▸ WHAT THE TASK ASKS: Quote every line below exactly and skip any picture.

▸ THE DATA:
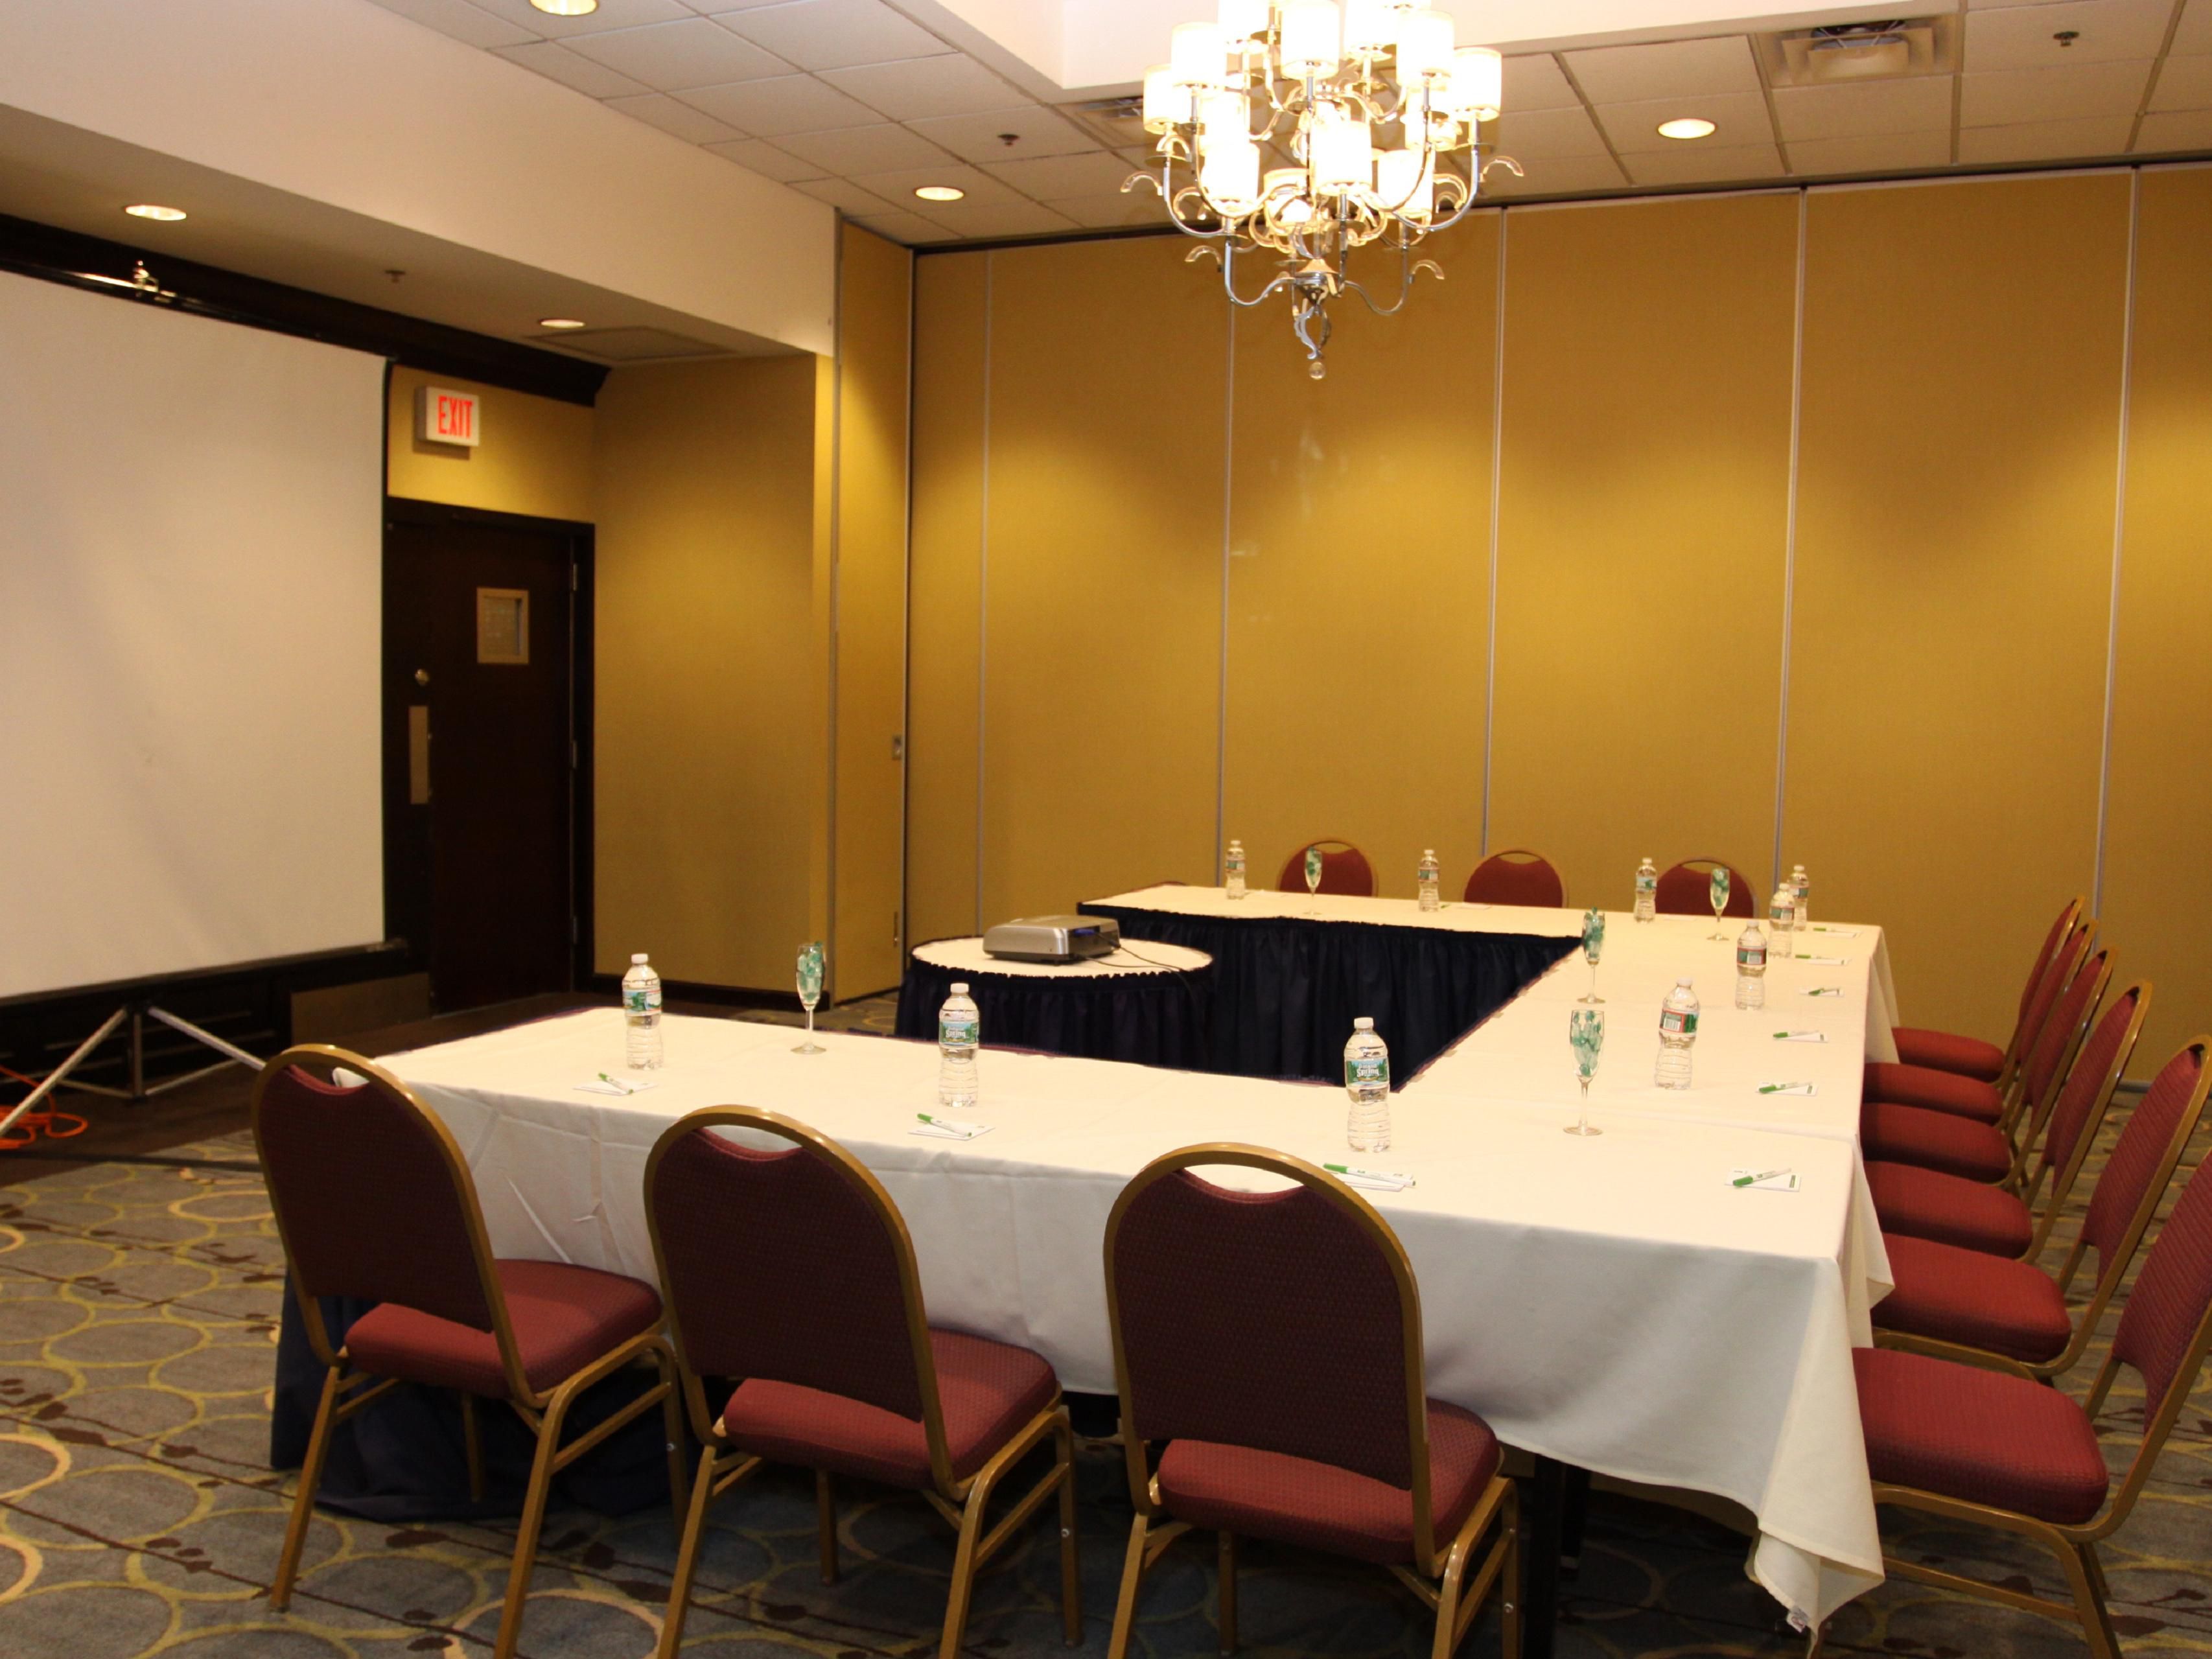 Contact the Holiday Inn Budd Lake - Rockaway Area for all of your meeting needs.  Let us take care of the details to make your time as productive as possible.
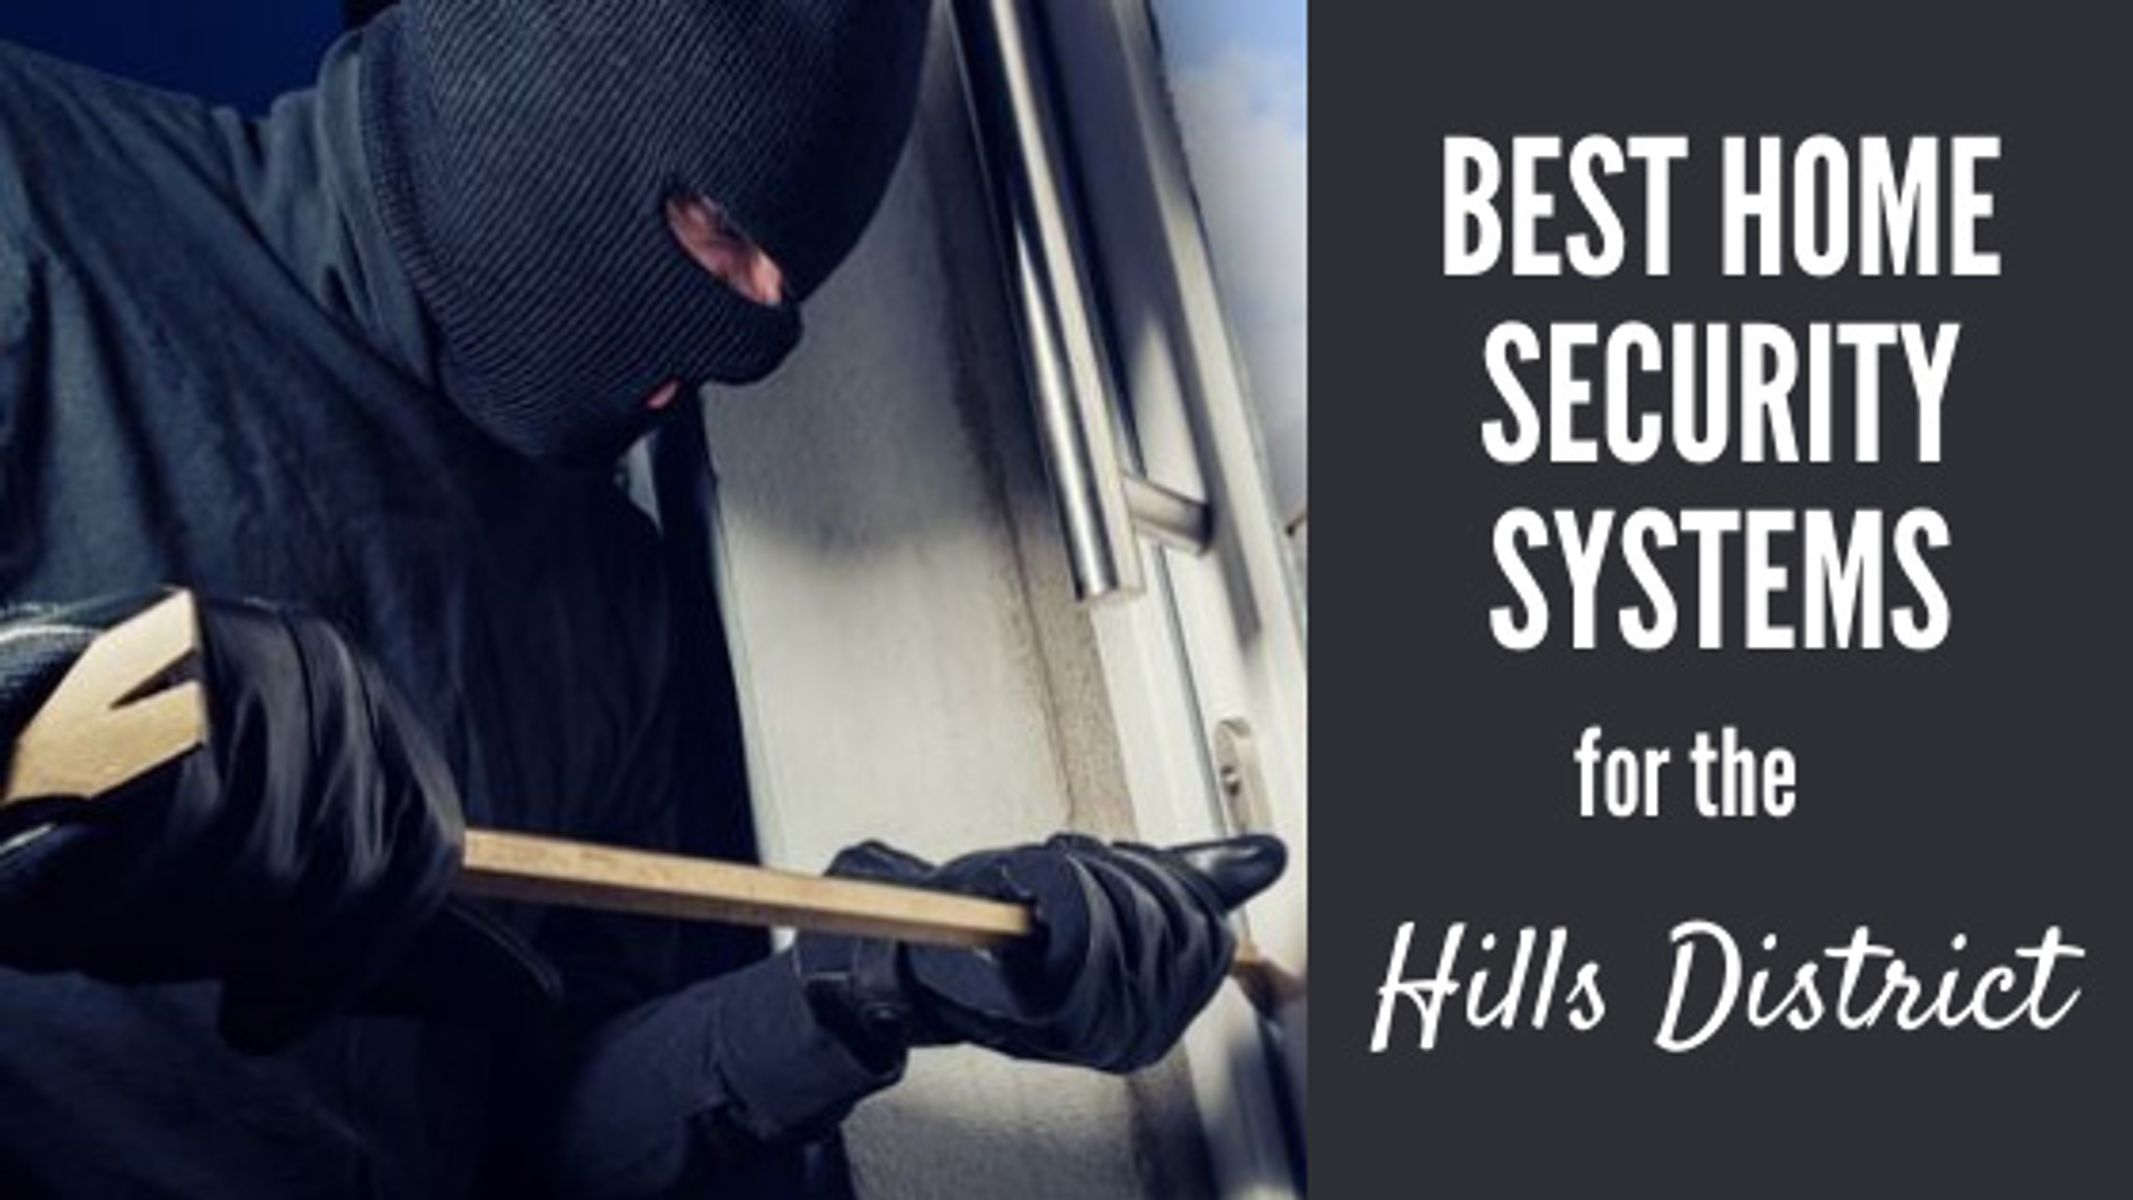 The Best Home Security Systems For Hills District Homes
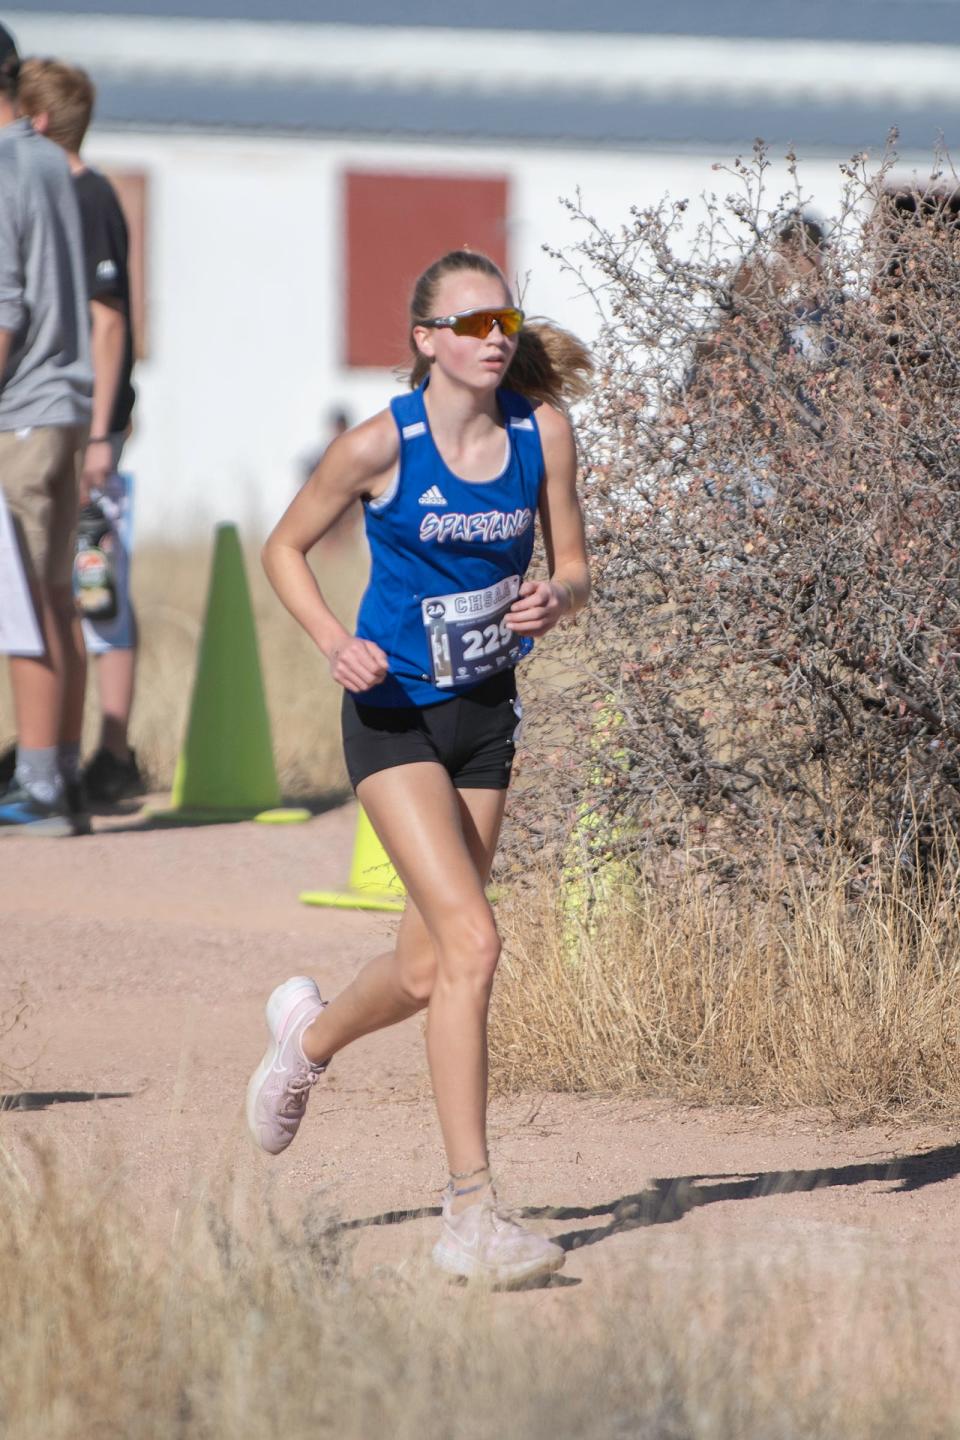 Pueblo cross country runners well represented at Cross Country State Finals

▸ ANSWER TO THE PROBLEM:
 Contact the Holiday Inn Budd Lake - Rockaway Area for all of your meeting needs.  Let us take care of the details to make your time as productive as possible.
 The Best Home Security Systems For Hills District Homes
 Pueblo cross country runners well represented at Cross Country State Finals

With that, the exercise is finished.